The College Libraries are pleased to announce The Stono Preserve’s Changing Landscape, a digital history exhibit exploring the archaeology and history of a single geographic space in the South Carolina Lowcountry—a nearly 1,000-acre plot of land twenty miles west of the Charleston peninsula.

Excavations in the Avenue of Oaks. Photograph by Kimberly Pyszka.

Bequeathed to the College by the late naturalist John Henry Dick, the site documents the region’s 300+ year history and the experiences of those who shaped the landscape: indigenous peoples, enslaved laborers, plantation owners, African American tenant farmers, and elite whites.

“The Libraries are excited to have the first digital history exhibit that uses archeology to reveal underrepresented history in the Lowcountry,” said Leah Worthington, the Libraries’ digital projects librarian. “From uncovering the artifacts of indigenous peoples to identifying the rice canals dug by the enslaved peoples to mapping out African American tenant farmers’ homes in the 20th century, the exhibit’s scholars show that Stono Preserve is a space for the College’s scholars and students to continue uncovering the Lowcountry’s underrepresented history.”

The exhibit is produced by the Lowcountry Digital History Initiative (LDHI), an award-winning digital public history project hosted by the Lowcountry Digital Library (LCDL) at the College. LDHI would like to thank the exhibit’s authors, Dr.
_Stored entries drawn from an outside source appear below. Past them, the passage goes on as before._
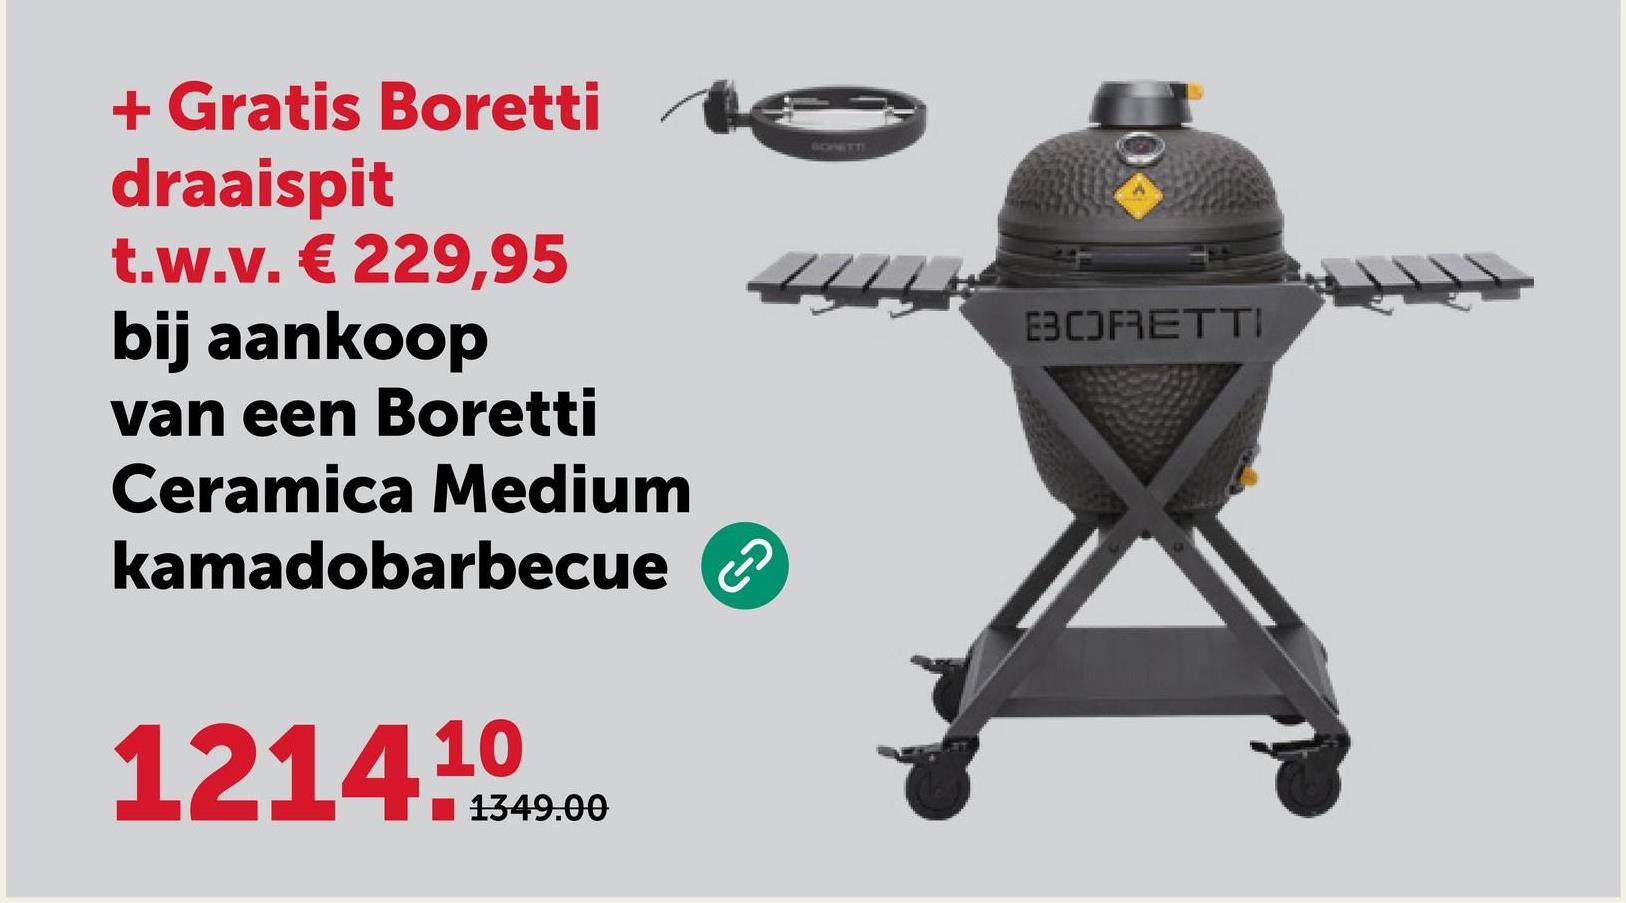 + Gratis Boretti
draaispit
t.w.v. € 229,95
bij aankoop
van een Boretti
Ceramica Medium
kamadobarbecue ②
121419
10
1349.00
SONETTI
EBCOFRETTI

Kimberly Pyszka and Dr. Maureen Hays, for their support and collaborative effort.

Example of artifacts recovered at the parsonage site. Photograph by Kimberly Pyszka.

“From my first visit to Stono Preserve, I felt an immediate connection to the land and wondered about the people who shaped it,” Dr. Pyszka said. “Through archaeological excavations and historical research, we now know more about their lives and contributions. As an alum, it has been really special to return to the College and help train and mentor the next generation of the College’s anthropology and archaeology graduates.”
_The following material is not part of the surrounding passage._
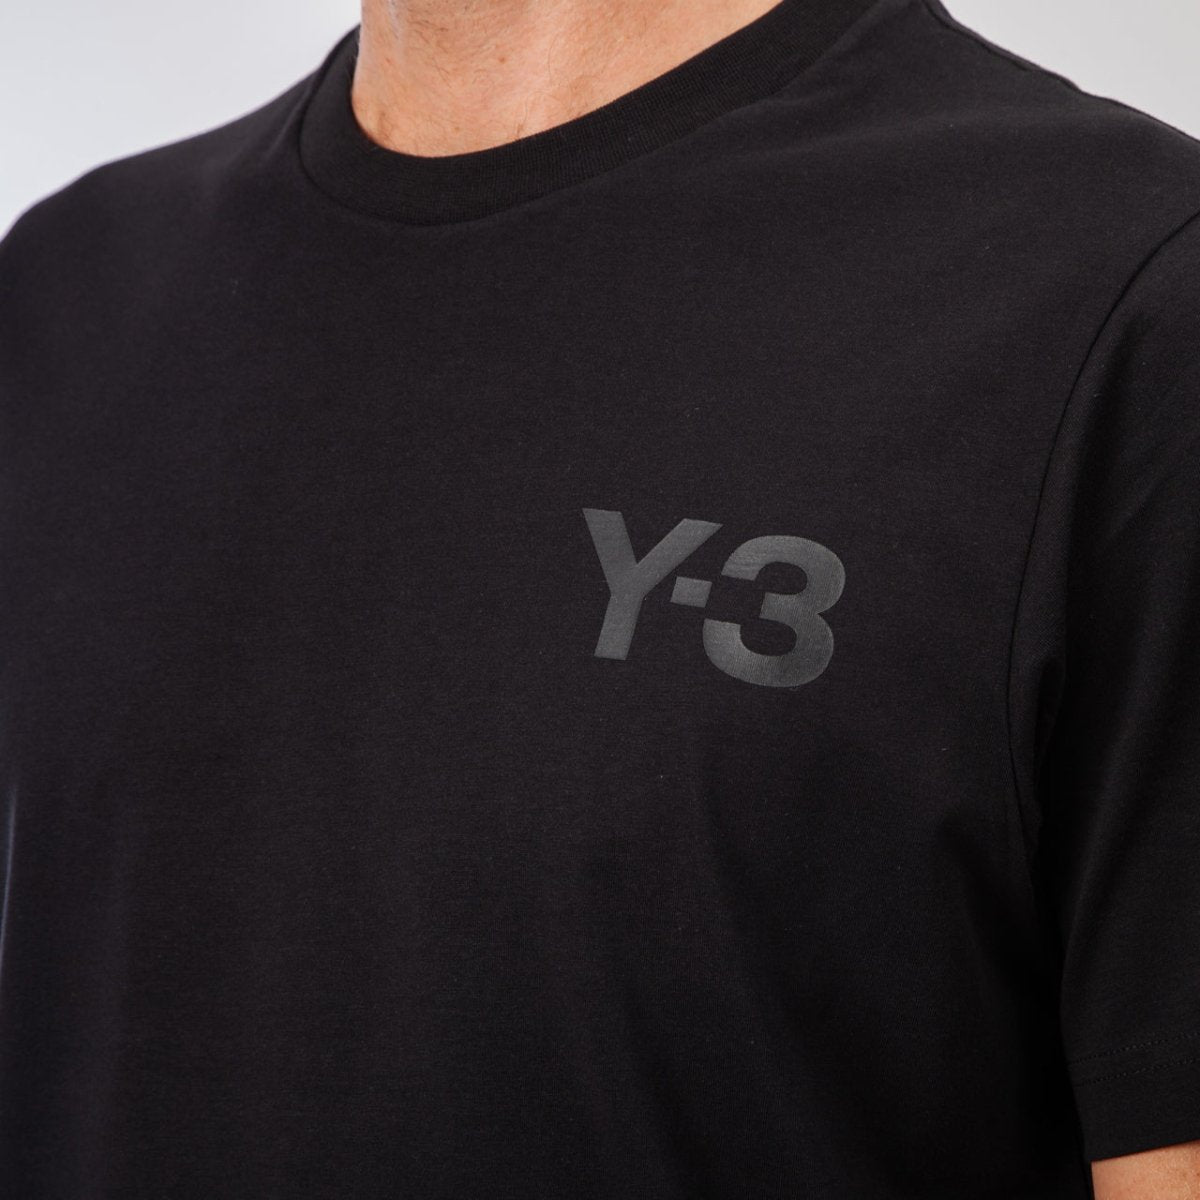 Y-3 Classic T-Shirt (Schwarz)  - Allike Store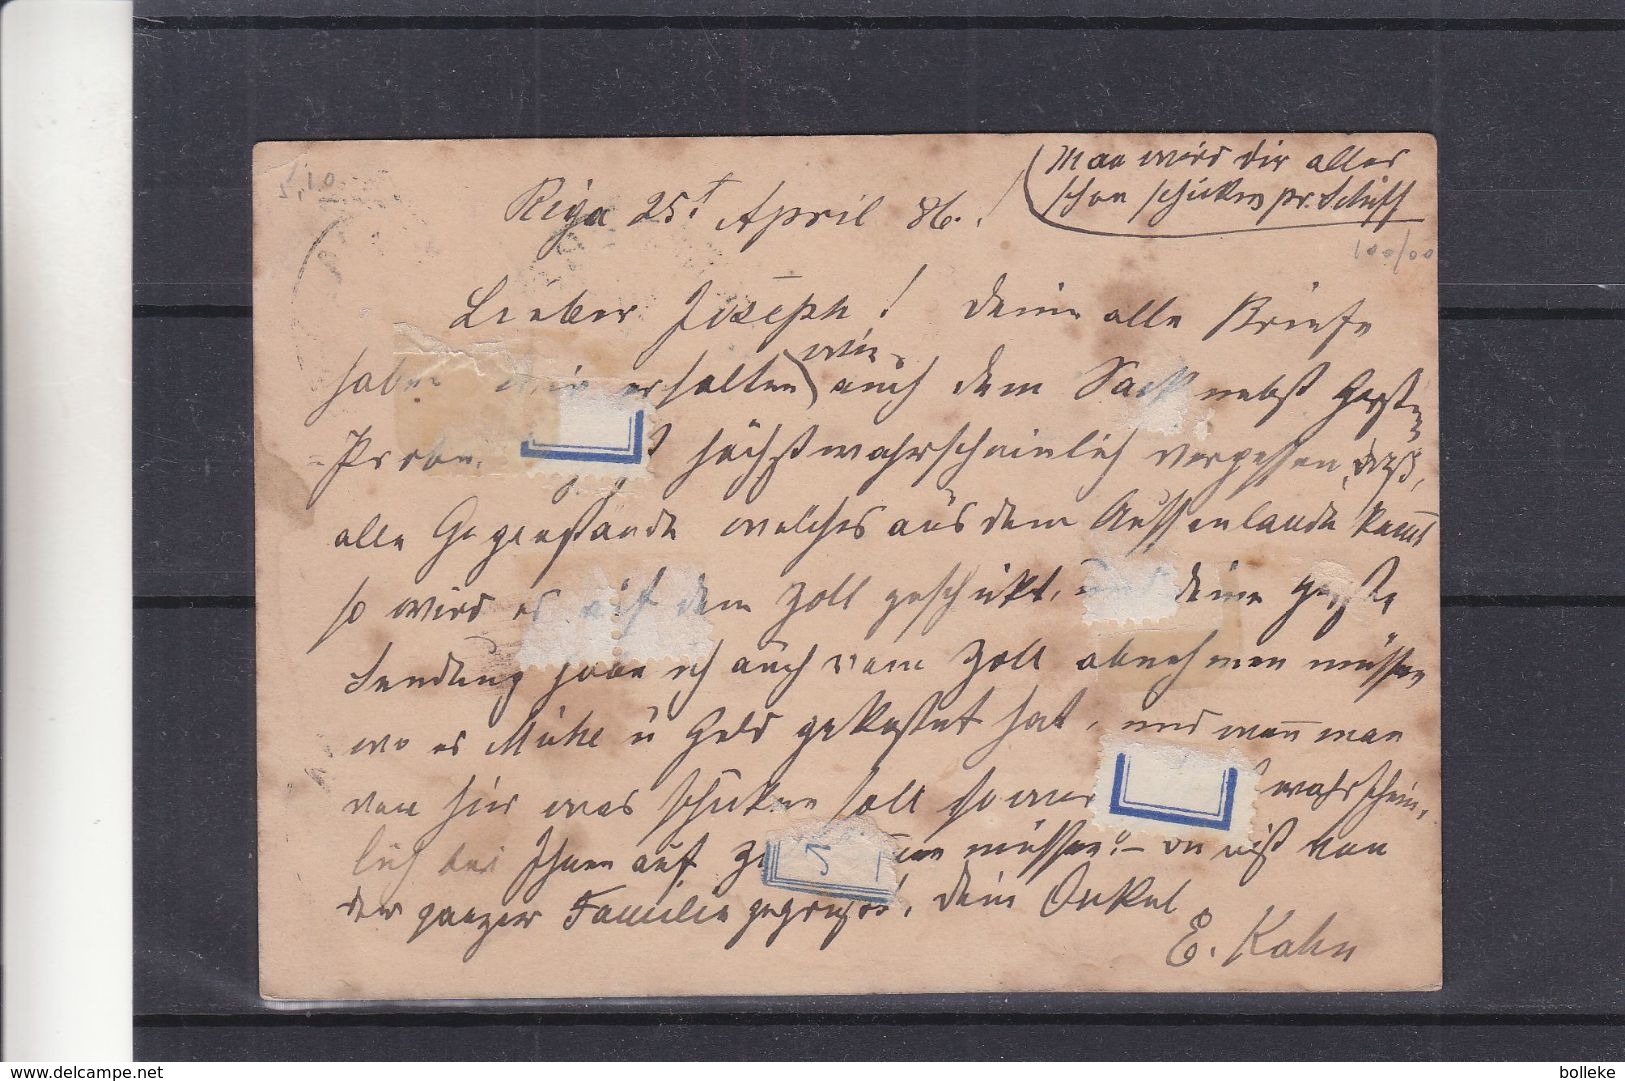 Russie - Lettonie - Carte Postale De 1886 - Entier Postal - Oblit Riga - Exp Vers Anvers En Belgique - Briefe U. Dokumente

“The best thing about this project is knowing the story isn’t finished,” Dr. Hays said. “Stono Preserve isn’t just about weaving stories of the past, it is about the new stories being made there every day by students and faculty.”

From left: History Department Graduate Assistants Cappy Yarbrough and Mills Pennebaker provided curatorial support for the exhibit. Photograph by Vincent Fraley.
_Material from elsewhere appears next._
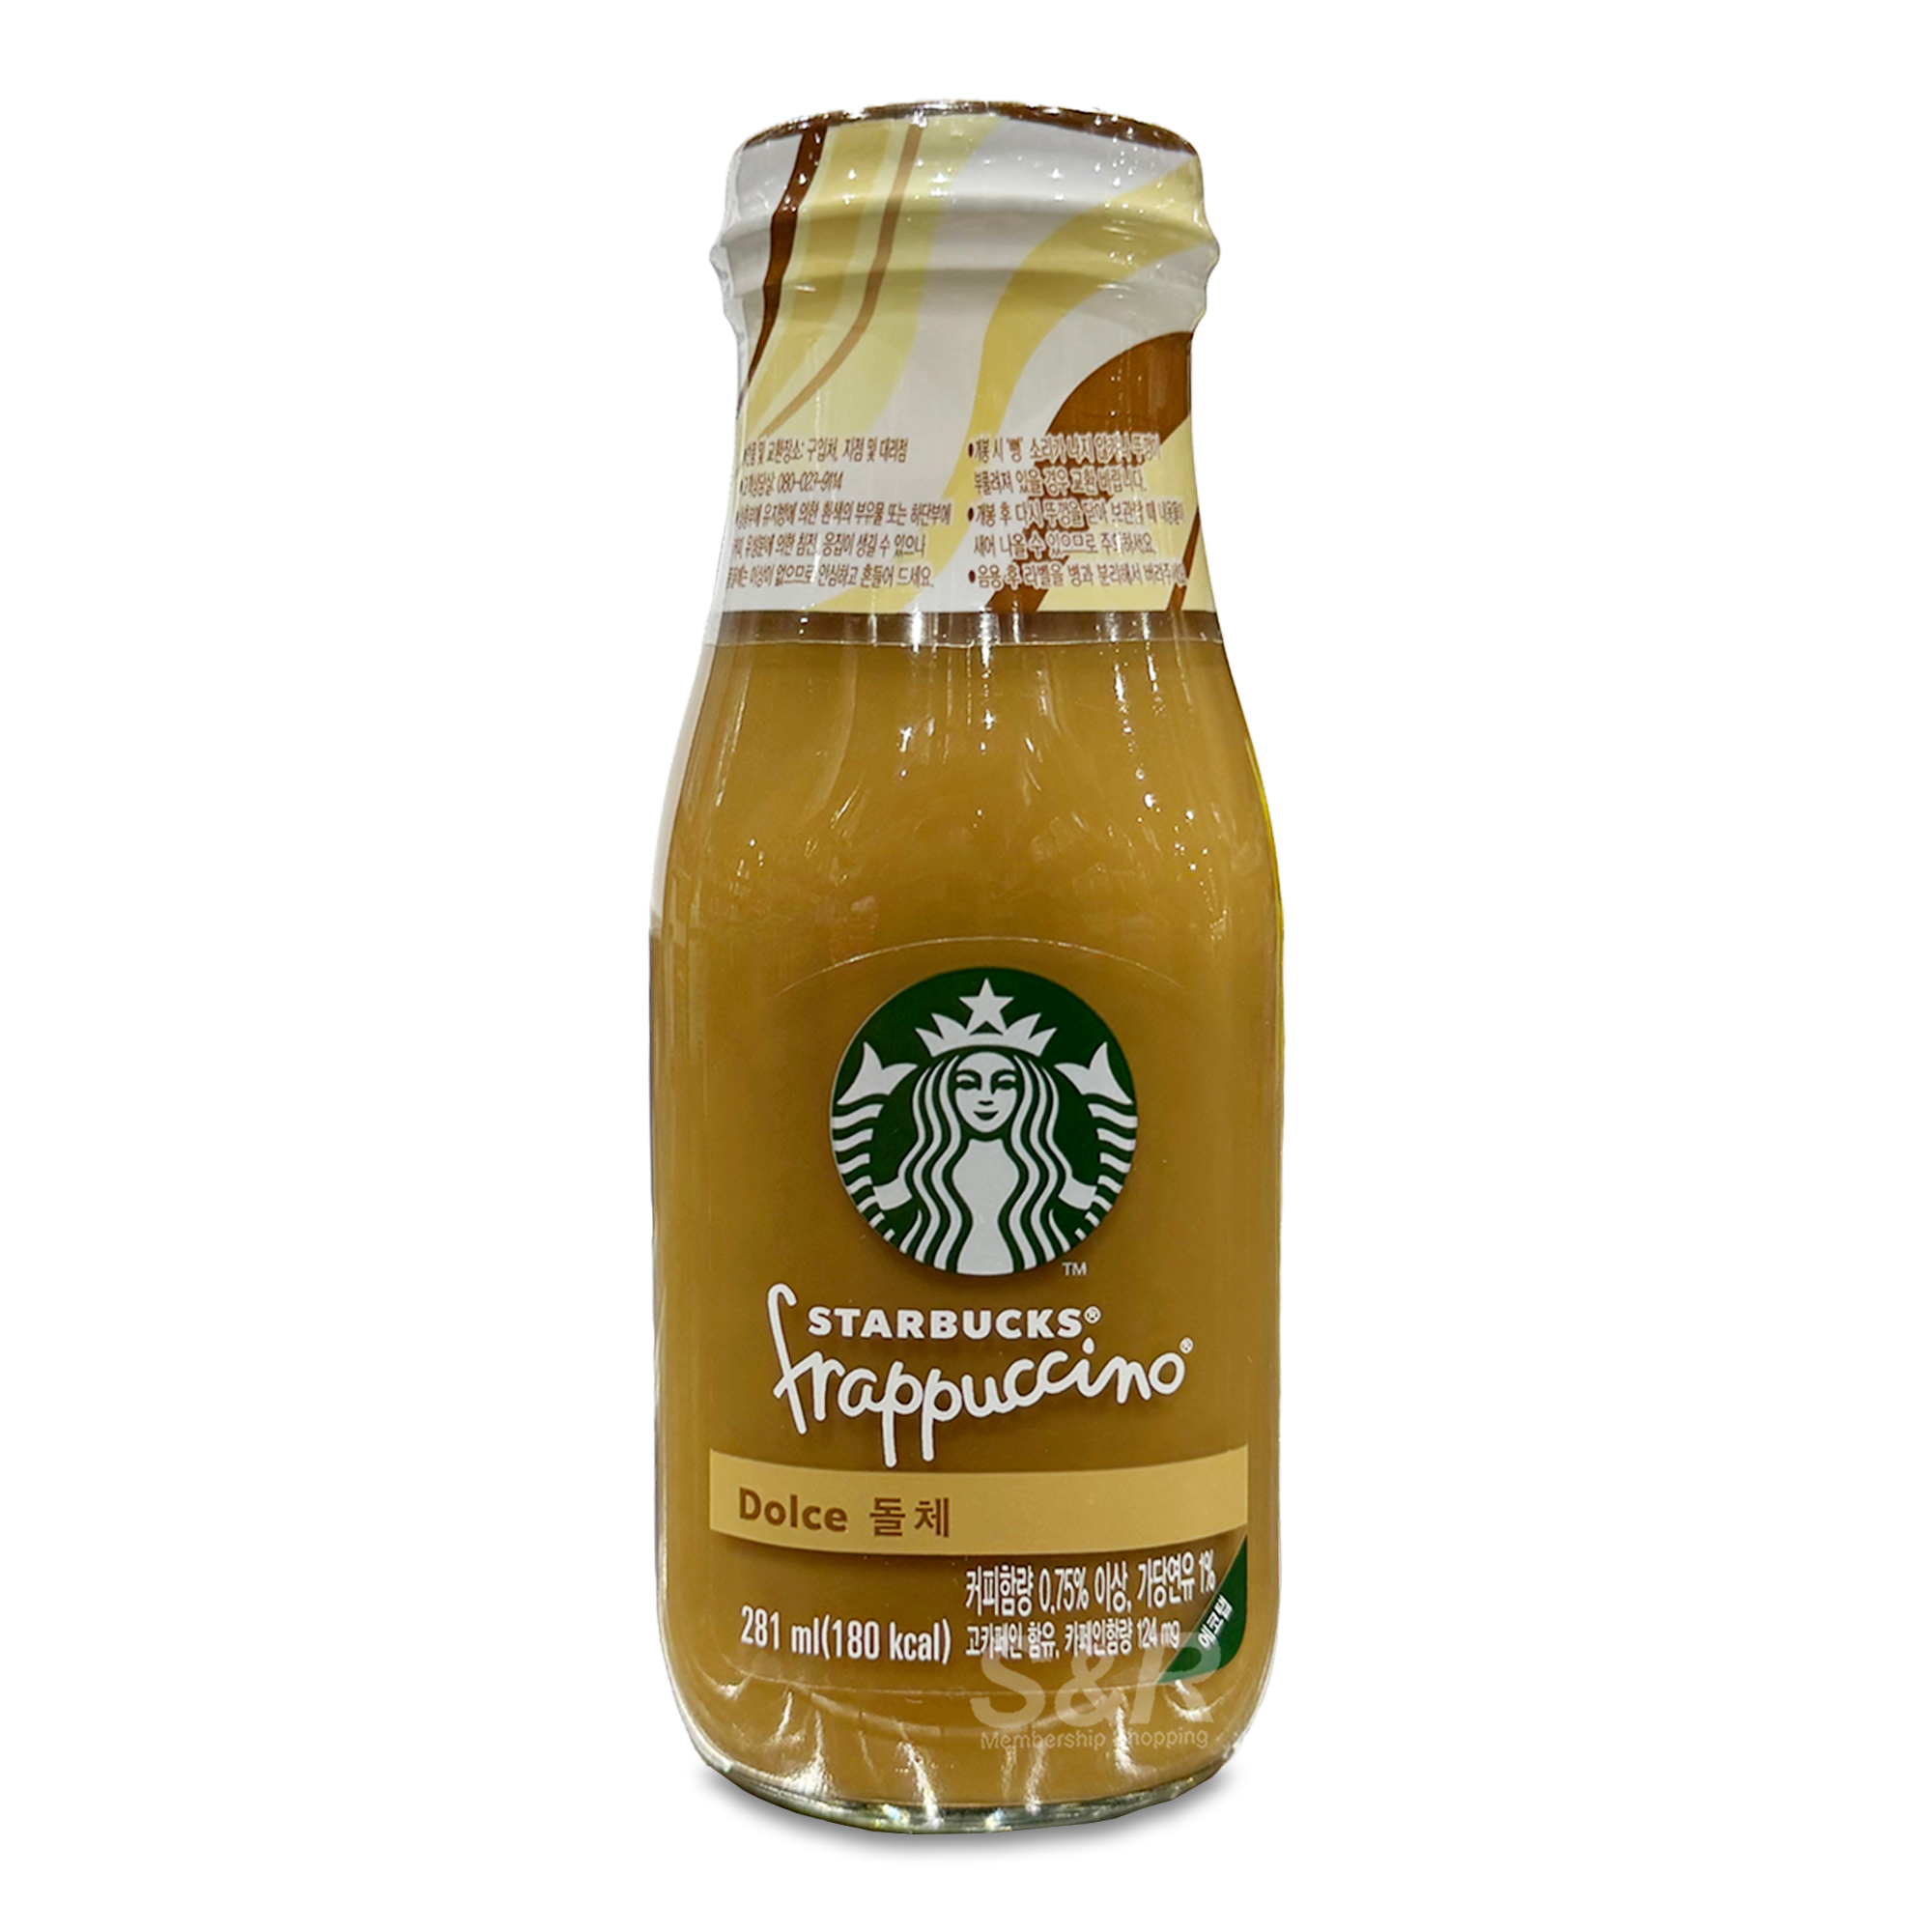 Starbucks Frappuccino Dolce 281mL

Every exhibit is made possible through the work of graduate assistants from the College of Charleston-Citadel Graduate History M.A. Program. The experience of working with LDHI empowers students with curatorial and administrative experience in digital humanities.

“I have the amazing opportunity not only to learn more about traditionally marginalized histories of the Lowcountry area, but I am also learning incredibly important skills to carry with me as I finish graduate school and continue to work in the field of public history,” graduate student Mills Pennebaker ’21 said.

“I have really enjoyed the chance to work in a collaborative office environment with others who are passionate about sharing local histories,” graduate student Cappy Yarbrough 20 said.

The Stono Preserve’s Changing Landscape is among more than two dozen digital exhibits released since LDHI’s 2014 launch, each dedicated to spotlighting the Lowcountry’s overlooked or forgotten histories.

With topics spanning enslaved African Muslims to Charleston’s first Latinx communities, LDHI’s team believes digital interpretation can play a major role in promoting awareness of these diverse histories within the region’s countless historic landscapes, structures and beyond.

The Stono Preserve’s Changing Landscape and all of LDHI’s digital exhibits are freely available at ldhi.library.cofc.edu.

From left: LDHI co-director Tyler Mobley, History Department Graduate Assistants Mills Pennebaker and Cappy Yarbrough, and LDHI co-director Leah Worthington. Photograph by Vincent Fraley.